Further, since part of the secondary faults may be caused by different factors, the present embodiment further includes the following steps:

step S114: analyzing the secondary fault to obtain a tertiary fault causing the secondary fault;

and respectively carrying out failure analysis on all secondary faults to obtain secondary faults of which the parts can be decomposed into three levels: the code reading failure A19 can be decomposed into an RFID failure A17 and a barcode label failure A18.

Step S115: and establishing a logic relation between the third-level fault and the second-level fault.

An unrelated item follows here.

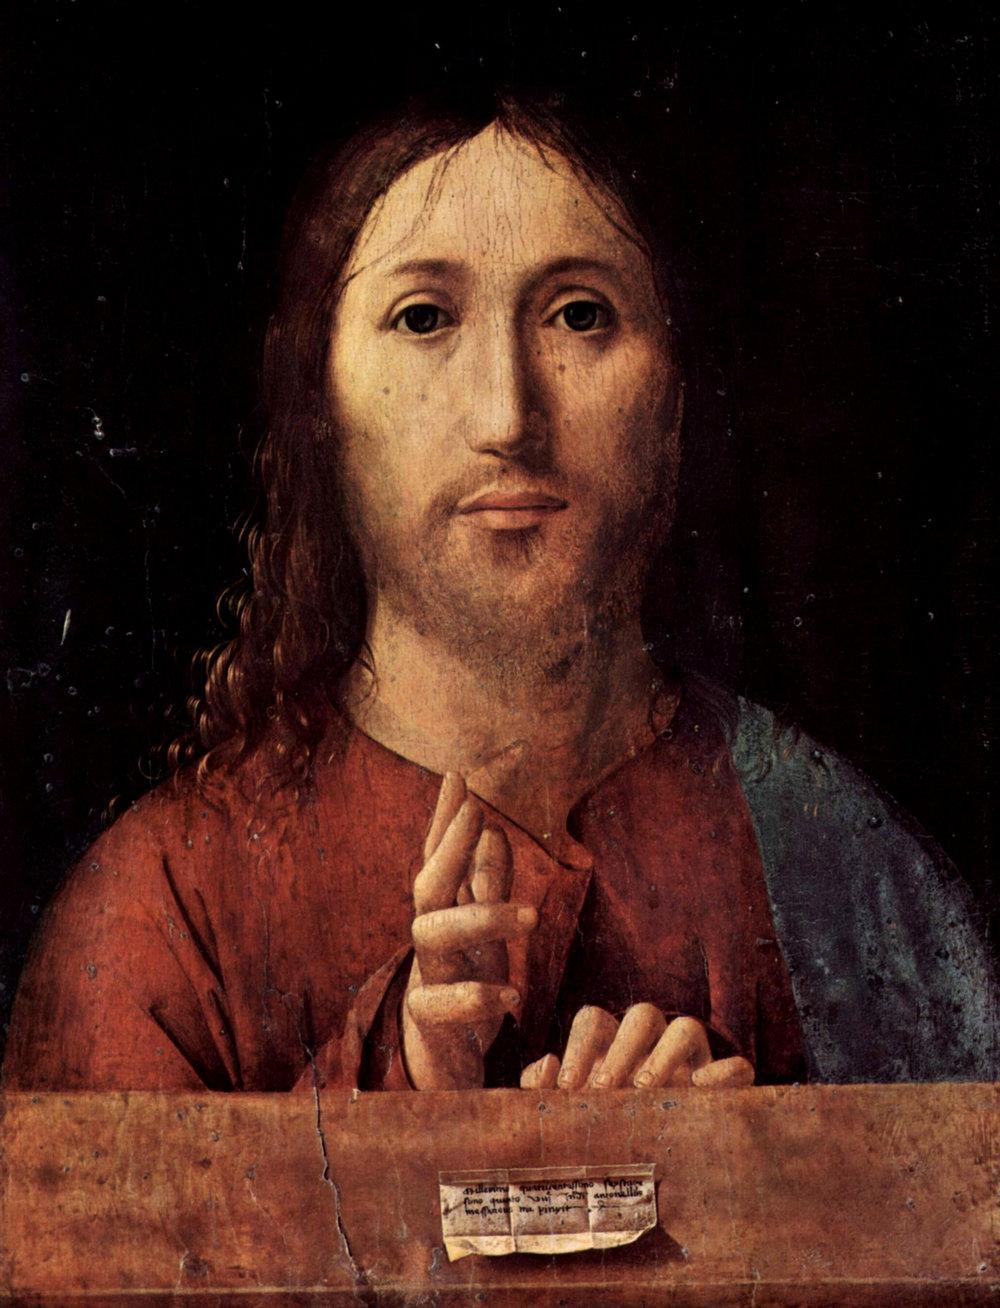 Antonello de Messina (1430),  Salvator Mundi (Savior of the World)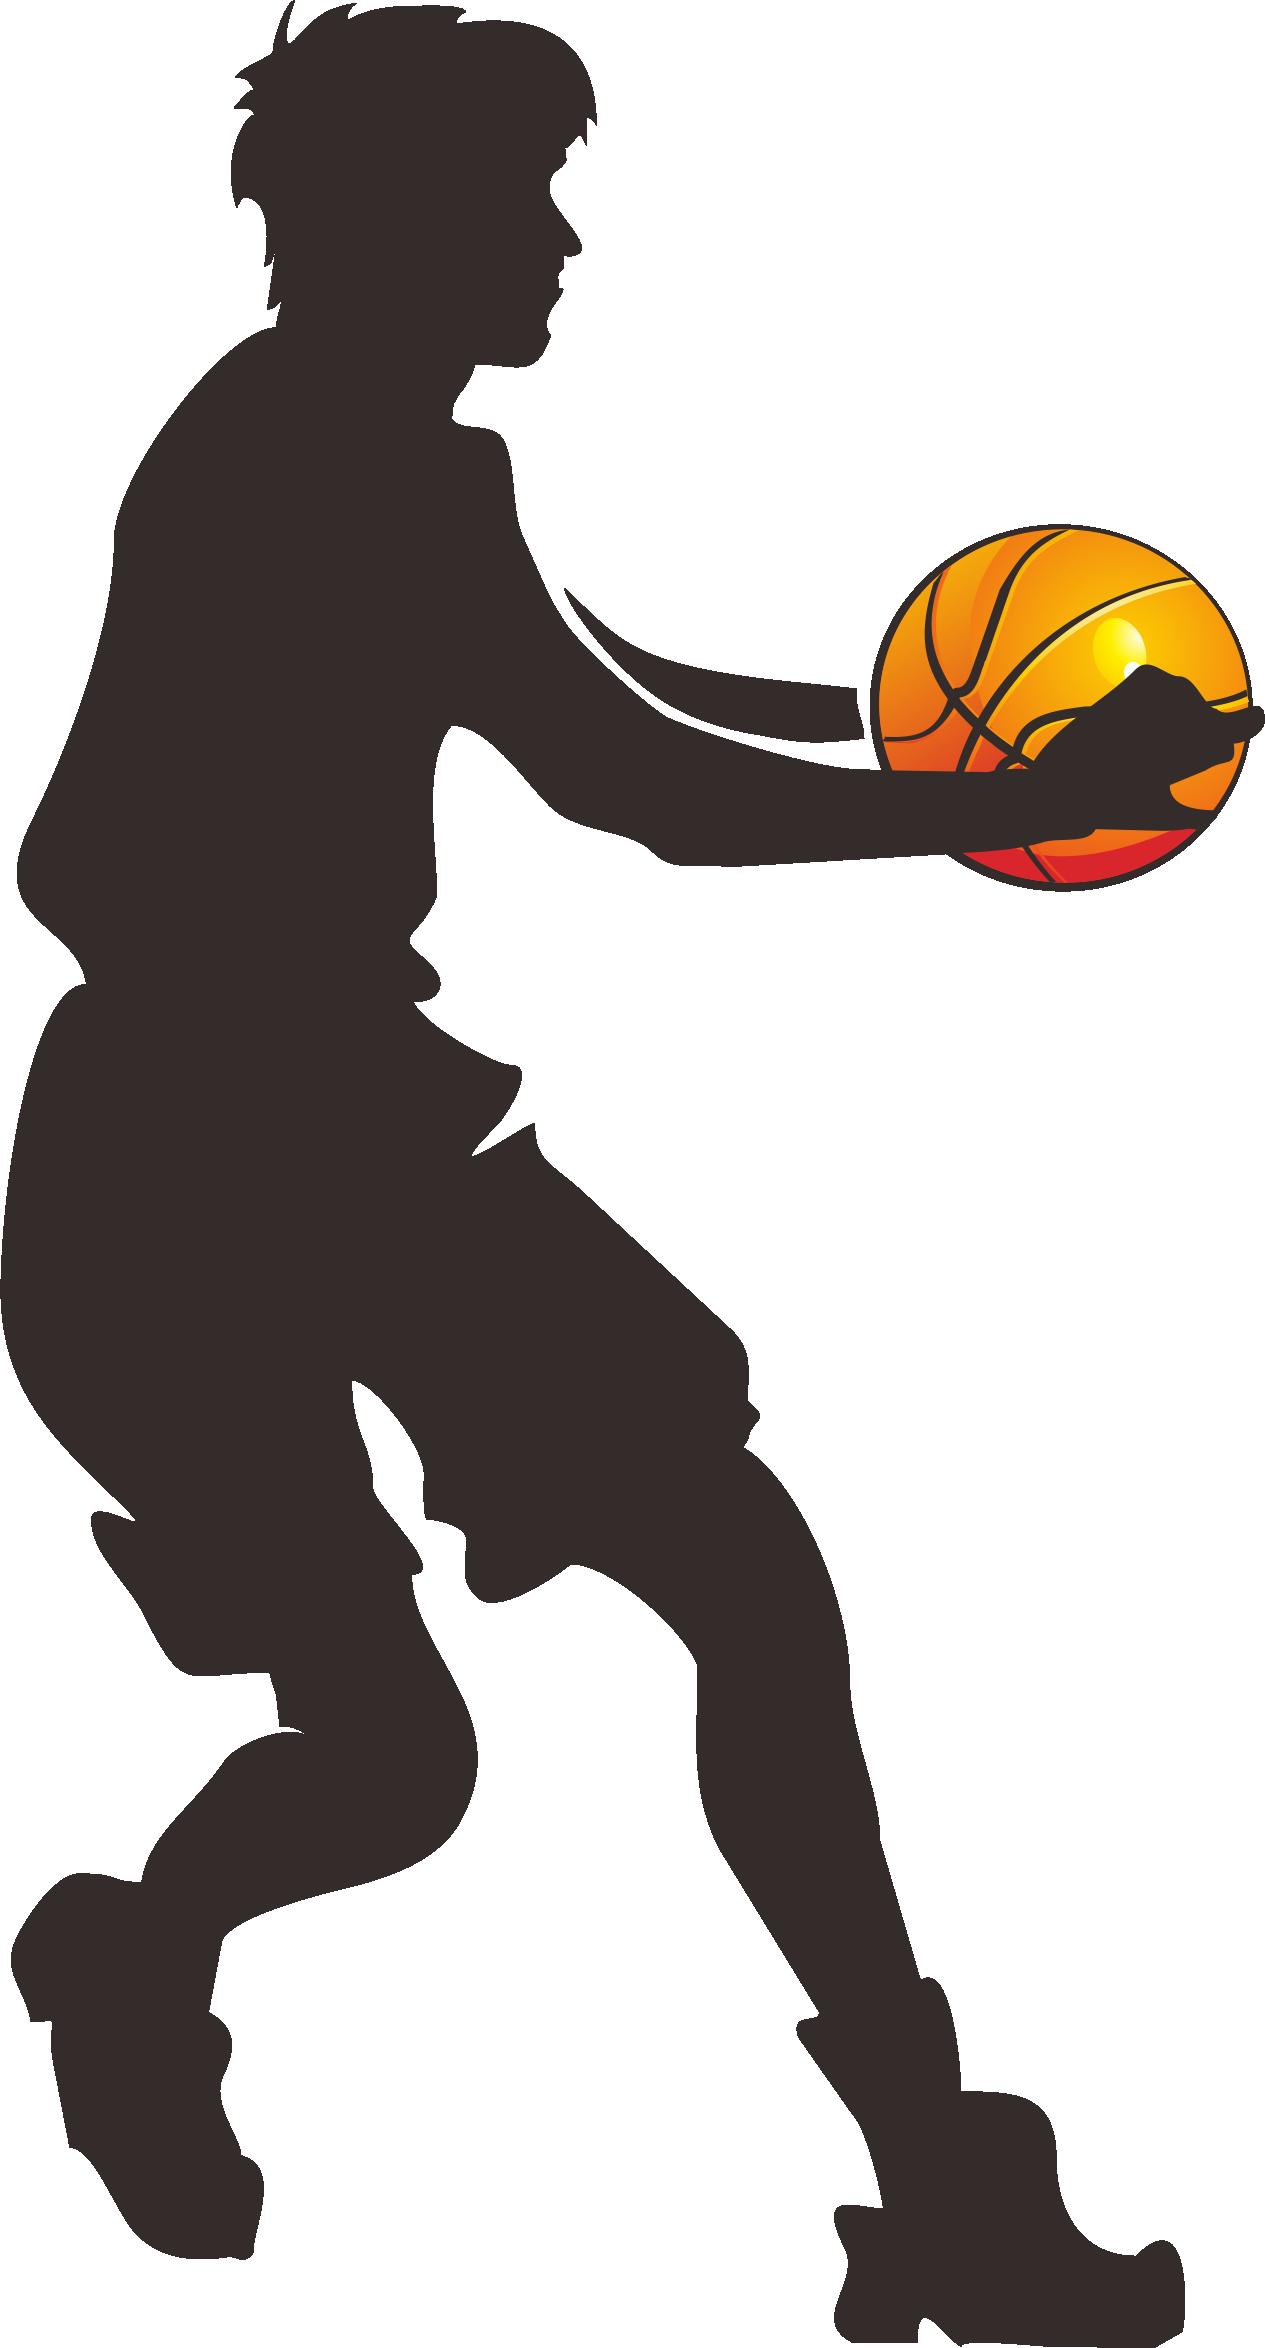 Basketball dunking clipart banner free stock Basketball Backboard Slam dunk Clip art - basketball 1265*2348 ... banner free stock

And establishing a logic relation between the primary fault and the secondary fault according to the causal relation between the occurrence of the tertiary fault and the secondary fault. In this embodiment, only RFID failure a17 and barcode tag failure a18 occurred, resulting in: code reading failure A19 occurs, and as long as at least one of RFID failure A17 and barcode label failure A18 does not occur, code reading failure A19 does not occur, so that the AND gate relations among code reading failure A19, RFID failure A17 and code reading failure A19 can be obtained.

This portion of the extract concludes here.